• *.MSG vs. packed help?

    From Mike Tripp@1:382/61 to Mike Luther on Monday, July 09, 2001 02:16:47
    Hello Mike!

    08 Jul 01 19:54, Mike Luther wrote to Bob Jones:

    (3) Use an existing tool to produce the ASCII text straight out
    of the squish database.... I'm sure I've seen such, just don't
    remember where....

    I'm looking more or less around .. The problem is that in order to do
    that it looks like I'll have to extract the whole message scholm, then
    and so on and so forth. That's what I thought I was trying to avoid.

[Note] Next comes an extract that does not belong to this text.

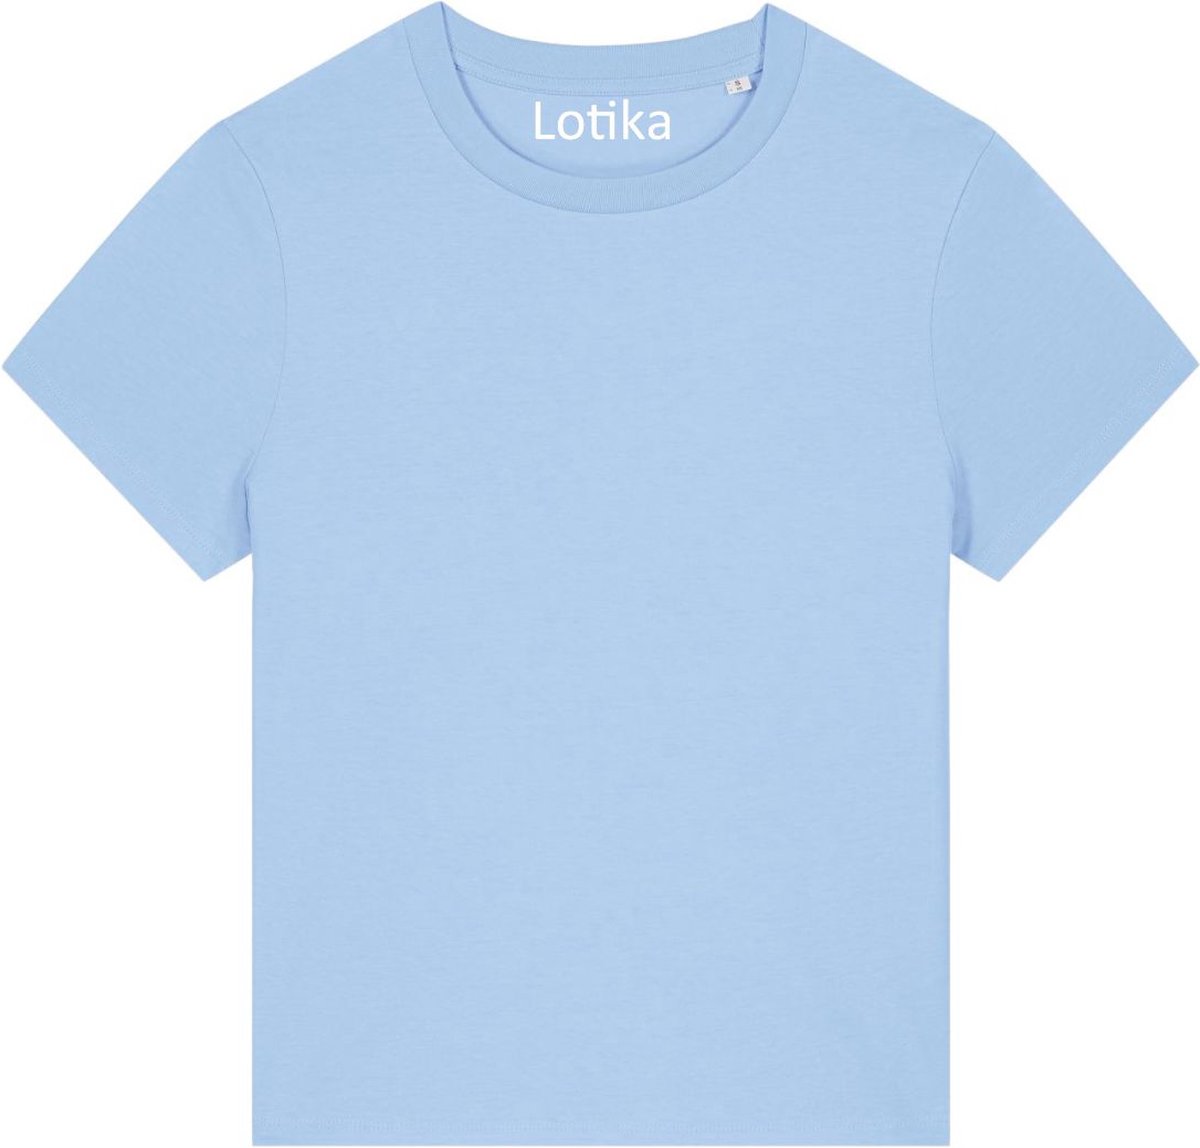 Lotika - Saar T-shirt dames biologisch katoen - blue soul

    TopicX, which has already been suggested, will work if you can handle one TXT file that contains multiple messages that meet the filter criteria. If you need message-by-message processing, then you might try to locate an old copy of
    SQFILTER, by Raphaël Vanney. His SQTOOL was a rewrite of SQFILTER, after he lost the source to SQFILTER in a disk crash. SQTOOL got new features, but unfortunately didn't retain =all= of the old ones from SQFILTER.




    Mike

    --- GoldED 2.50+
    * Origin: -=( The TechnoDrome )=- Austin,TX 512-327-8598 33.6k (1:382/61)
  • From Mike Luther@1:117/3001 to Peter Knapper on Monday, July 09, 2001 02:32:42
    OK Peter ..

    I use all Squish message base format here, and I archive the Echo's I want to keep using TOPICX (Topic Extract). It will
    extract ALL or selected messages using a wonderful
    array of criteria, and you can dump the entire message
    into a plain text file. It keeps a log file and uses
    that to find the next starting point for each Area you
    process, only NEW messages are added. Available in DOS
    and OS/2 versions, TOPX_110 and TOPXP111. Its old
    (1992) and reports this year 2001 as 101, but
    otherwise its pretty good for me. Shouldn't be too
    hard to post process the date into the correct format
    with a couple of lines of Rexx.....;-)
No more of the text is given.